Le « privilège juif »

Dans sa définition originelle, un privilège relève d’un statut de l’ancien régime, permettant de jouir d’un avantage dont ceux qui ne bénéficient pas de ce statut sont privés. Dans la théorie du « privilège social », la notion de privilège est distordue : le privilège n’y ressort pas d’un système juridique, mais résulterait d’une situation inégalitaire de fait. La théorie du privilège devient ainsi une doctrine militante en inventant la notion de « privilège blanc », la fin de ce privilège ne pouvant advenir que dans une pulvérisation apocalyptique du « système » occidental maléfique, difficilement imaginable au demeurant, obligeant donc à fustiger sans répit les « blancs » irrémédiablement blancs1, jusqu’à une hypothétique parousie. 

Or cette théorie aberrante du « privilège blanc » a produit un surgeon spécifiquement antisémite. À la mi-juillet 20202résonnant avec l’hashtag #privilège blanc, est apparu sur Twitter l’hashtag #JewishPrivilege (« privilège juif »), repris par plus de 122 000 messages antisémites en vingt-quatre heures. La thématique du Juif et de l’argent est bien sûr sous-jacente ici, mais les Juifs seraient non seulement des profiteurs, des exploiteurs, des expropriateurs, mais aussi des privilégiés à tous égards. Des privilégiés par rapport à des groupes qui seraient « stigmatisés », discriminés, spoliés, frustrés de leurs dus, dépouillés jusqu’à leur statut de victimes à assister, à promouvoir par une « discrimination positive », par des avantages compensatoires, par des privilèges en miroir en somme. 

« Le Juif » est ainsi considéré comme un agent du monde occidental, de l’impérialisme américain, du capitalisme mondialisé comme il était hier un « cosmopolite », et en même temps il est accusé d’être un affreux nationaliste, un colonialiste, ancien supplétif des colons français, nouveau « colon » des « territoires palestiniens occupés ». Les Juifs sont alors définis en quelque sorte comme des « super-blancs ». Les « métèques », les « sangs mêlés » de l’antisémitisme raciste des XIXème et XXème siècles, sont devenus les « blancs » les plus honnis dans la vision « racisée » d’un monde où s’affrontent à nouveau radicalement les races3.

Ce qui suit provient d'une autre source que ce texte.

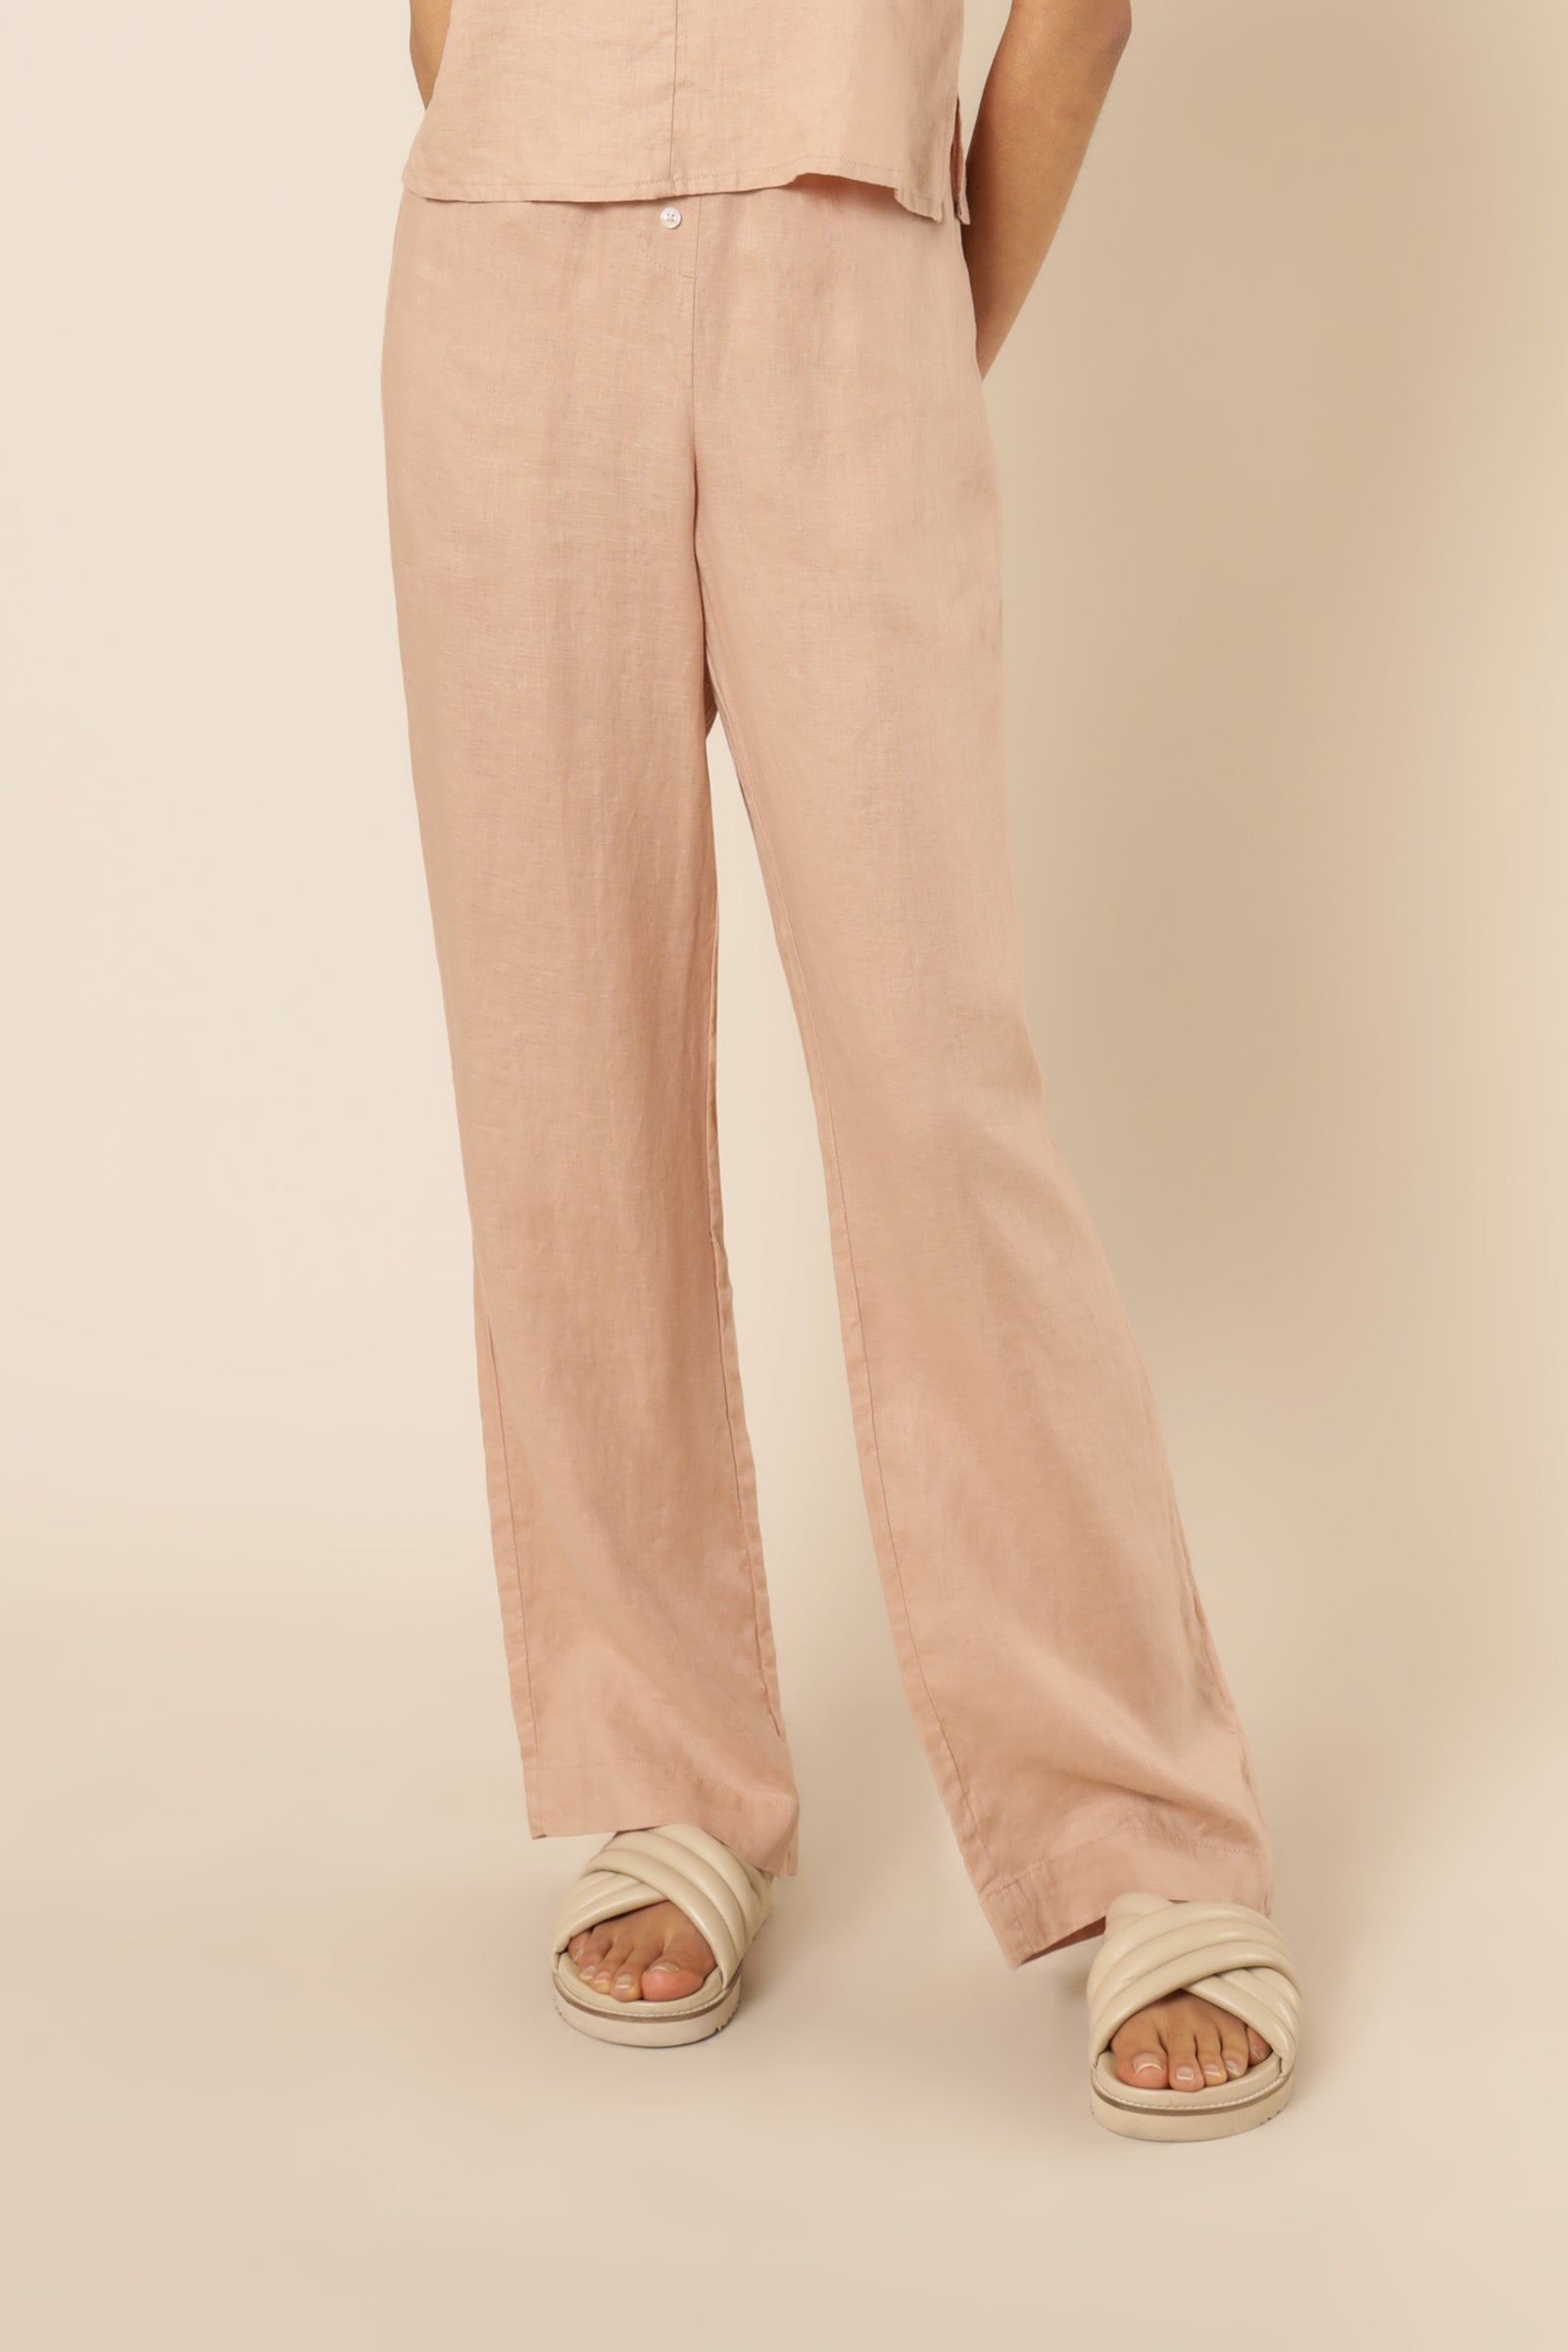 Nude Lucy Nude Linen Lounge Pant Clay Pants

Mais si le terme de « privilège juif » est récent, le thème des Juifs favorisés, est déjà ancien, paradoxalement forgé après « l’extermination des Juifs d’Europe ». Les Juifs sont en effet accusés de « profiter » de la Shoah, notamment pour « légitimer » la création d’Israël (mythe vivace y compris en Israël alors que le mouvement sioniste d’où est né l’État hébreu s’enracine dans la Hashkala du siècle des Lumières, puis s’est développé à partir de la fin du XIXème siècle en Russie et en Europe de l’Est, comme dans le monde sépharade). Ce thème du favoritisme juif est décliné depuis plusieurs décennies donc, et ce jusqu’à nos jours, notamment dans la rhétorique du « deux-poids-deux-mesures », principe qui serait prétendument mis en œuvre systématiquement en Occident, au profit des Juifs. 

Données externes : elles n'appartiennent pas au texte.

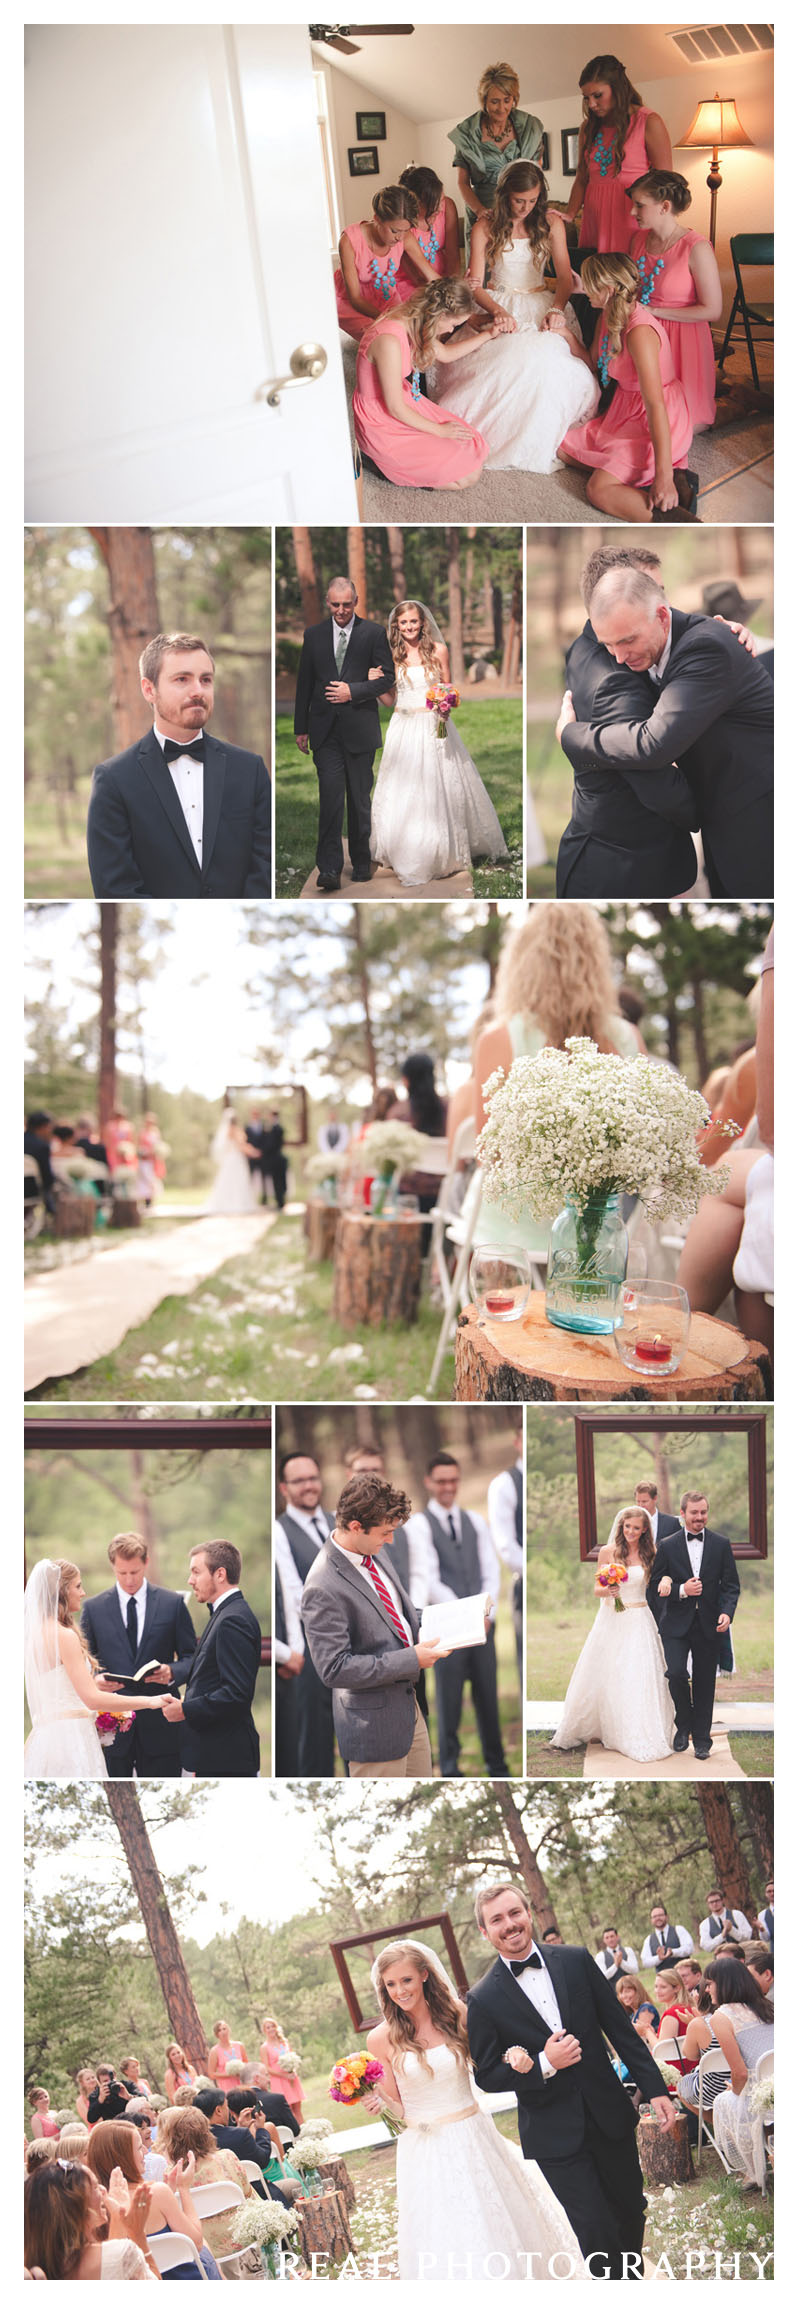 wedding photographer outside home ceremony black forest

Ainsi, reprenant l’éditorial de l’hebdomadaire britannique Middle East International en date du 15 janvier 1982, la rédaction de la revue Journal of Palestine Studies estimait que « l’Occident — qui dénonce la répression en Pologne, certes indéfendable, impose des sanctions aux gouvernements de Pologne et d’U.R.S.S., et passe presque sous silence les infractions répétées d’Israël au droit international, aux conventions de Genève et à la Déclaration des droits de l’homme use de « deux-poids, deux mesures4 ». Ce sont quasiment les mêmes termes que l’on retrouve une quarantaine d’années plus tard dans une tribune publiée dans Le Monde, intitulée « Guerre au Proche-Orient : « La politique du “deux poids, deux mesures” rend nos pays inaudibles à l’échelle de la planète », signée notamment par Rony Brauman, Agnès Levallois et Noël Mamère. Les auteurs s’alarment en effet de « l’inégalité de traitement des Occidentaux entre les guerres en Ukraine et celles à Gaza, en Cisjordanie et au Liban [qui] renforce l’idée que la diplomatie des pays du Nord est restée figée à l’heure coloniale5».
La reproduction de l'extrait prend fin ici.